The Aug. 6, 2001, memo made plain that bin Laden had been scheming to strike the United States for at least six years. It warned of indications from a broad array of sources, spanning several years.

"Clandestine, foreign government, and media reports indicate bin Laden since 1997 has wanted to conduct terrorist attacks in the US," the memo to Bush stated. Bin Laden implied in U.S. television interviews in 1997 and 1998 that his followers would follow the example of World Trade Center bomber Ramzi Yousef and "bring the fighting to America."

The "presidential daily brief" said that after President Clinton launched missile strikes on his base in Afghanistan in 1998, "bin Laden told followers he wanted to retaliate in Washington."

The memo cited intelligence from another country, but the White House blacked out the name of the nation. It was the first time a presidential daily brief has ever been released publicly.

Efforts to launch an attack from Canada around the time of "Y2K" "may have been part of bin Laden's first serious attempt to implement a terrorist strike in the U.S.," the document states.

Convicted plotter Ahmed Ressam, who was caught trying to cross the Canadian border with explosives about 60 miles north of Seattle in late 1999, told the FBI that he alone conceived a planned attack on Los Angeles International Airport, but that bin Laden lieutenant Abu Zubaydah "encouraged him and helped facilitate the operation," the document said.

Al-Qaida members, some of them American citizens, had lived in or traveled to the United States for years, the memo said.

"The group apparently maintains a support structure that could aid attacks," it warned.

The document said that "some of the more sensational threat reporting" such as warnings that bin Laden wanted to hijack aircraft to win the release of fellow extremists" could not be corroborated.
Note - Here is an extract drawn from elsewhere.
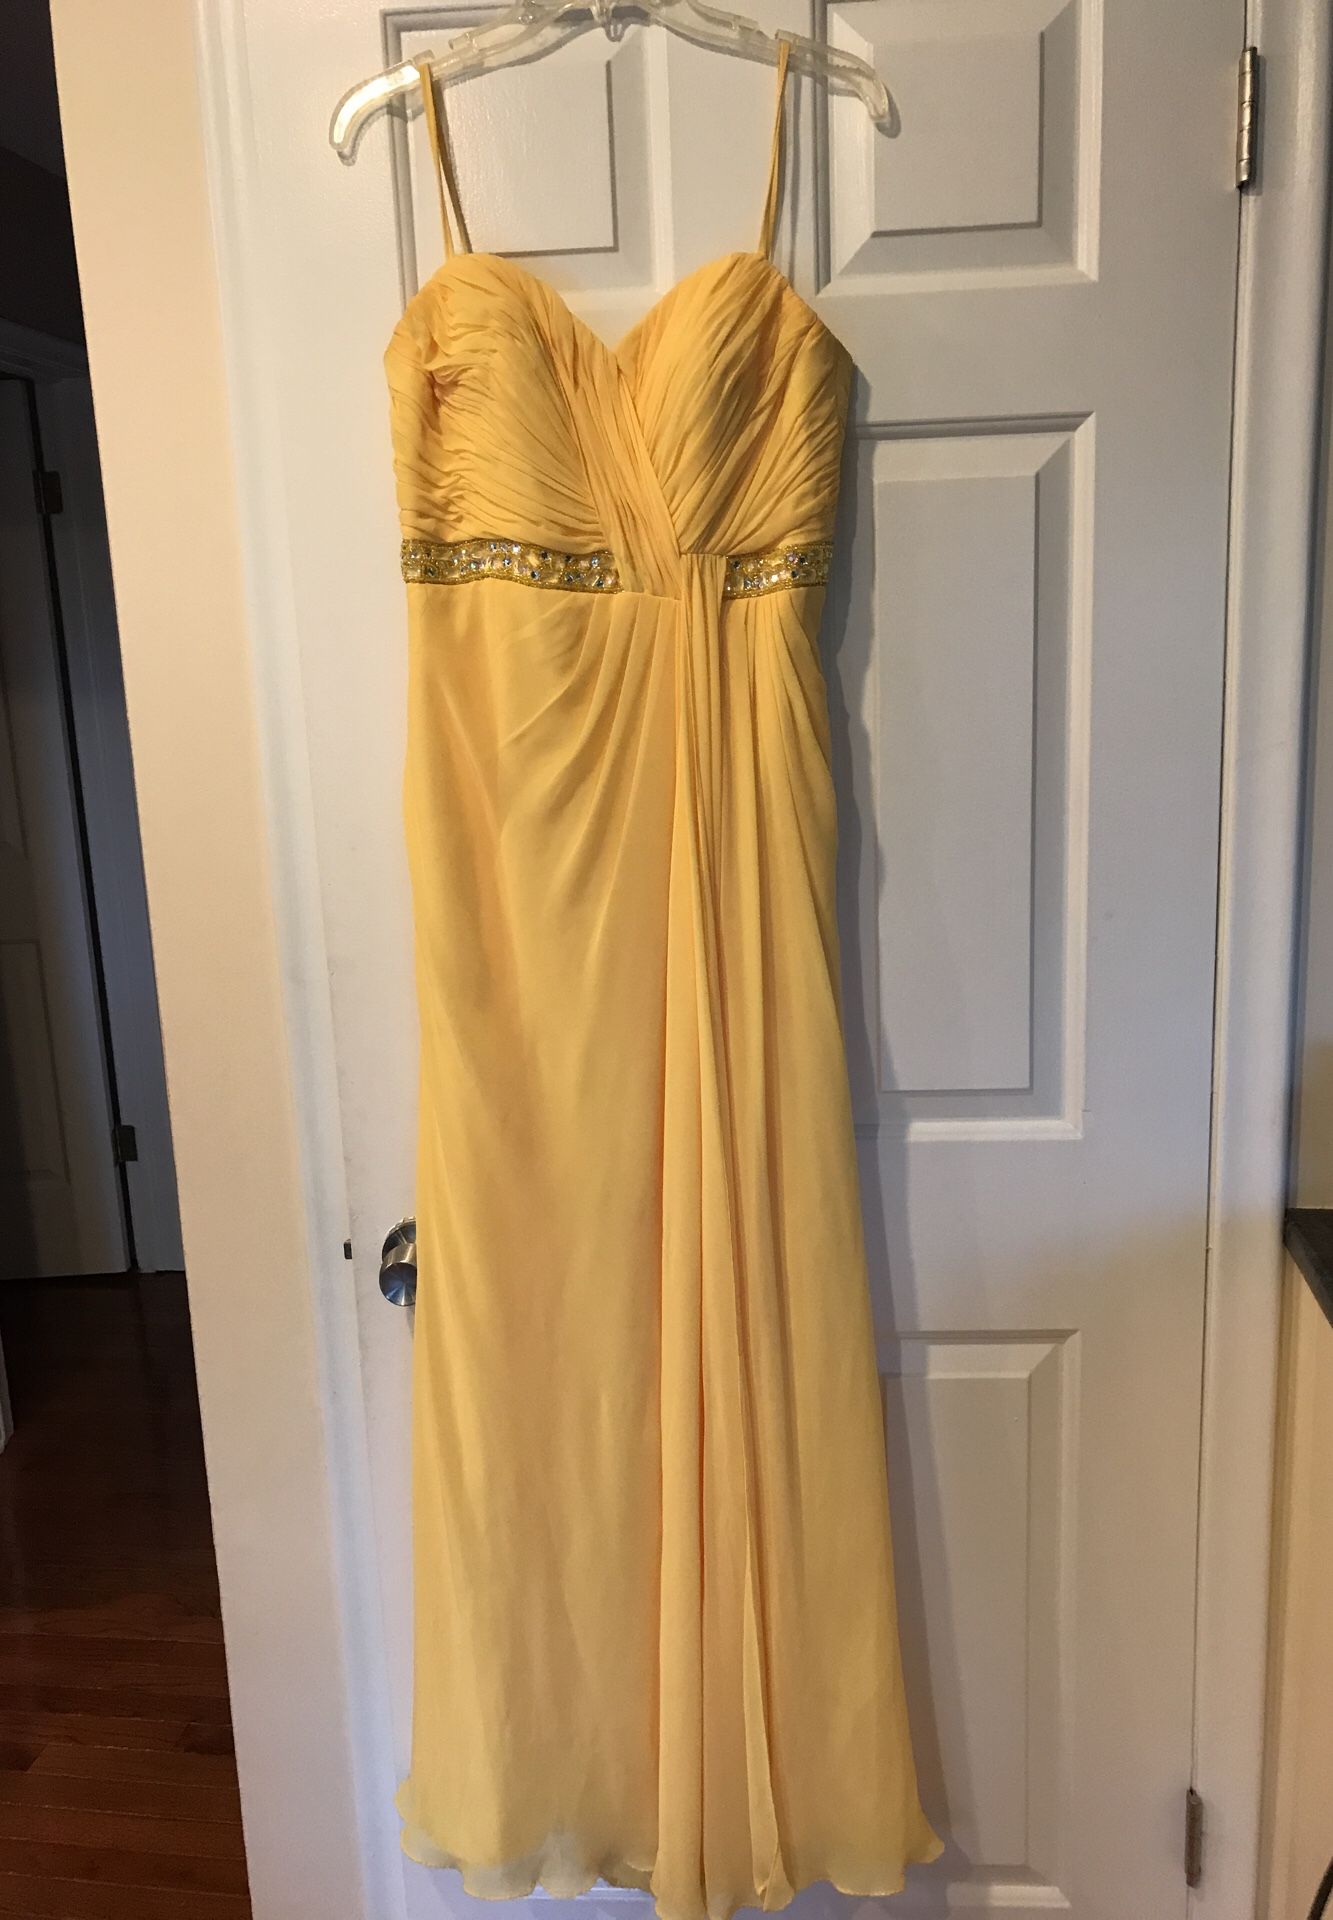 yellow dress size 8/9

One item in the memo referred to "recent surveillance of federal buildings in New York." A White House official speaking on condition of anonymity that that was a reference to two Yemeni men the FBI interviewed and concluded were simply tourists taking photographs.

On May 15, 2001, a caller to the U.S. embassy in the United Arab Emirates warned of planned bin Laden attacks with explosives in the United States, but did not say where or when.

The CIA reported the incident to other government officials the next day, and a dozen or more steps were taken by the CIA and other agencies "to run down" the information from the phone call, senior administration officials said Saturday evening.

One official said references to al-Qaida in prior presidential briefings "would indicate 'they are here, they are there' in other countries and the CIA director would tell the president what was being done to address "these different operations."

The official said those types of references prompted the president to ask for a report on domestic activity.

The senior administration officials refused to say what Bush's response to the memo was, or precisely what government action it had triggered.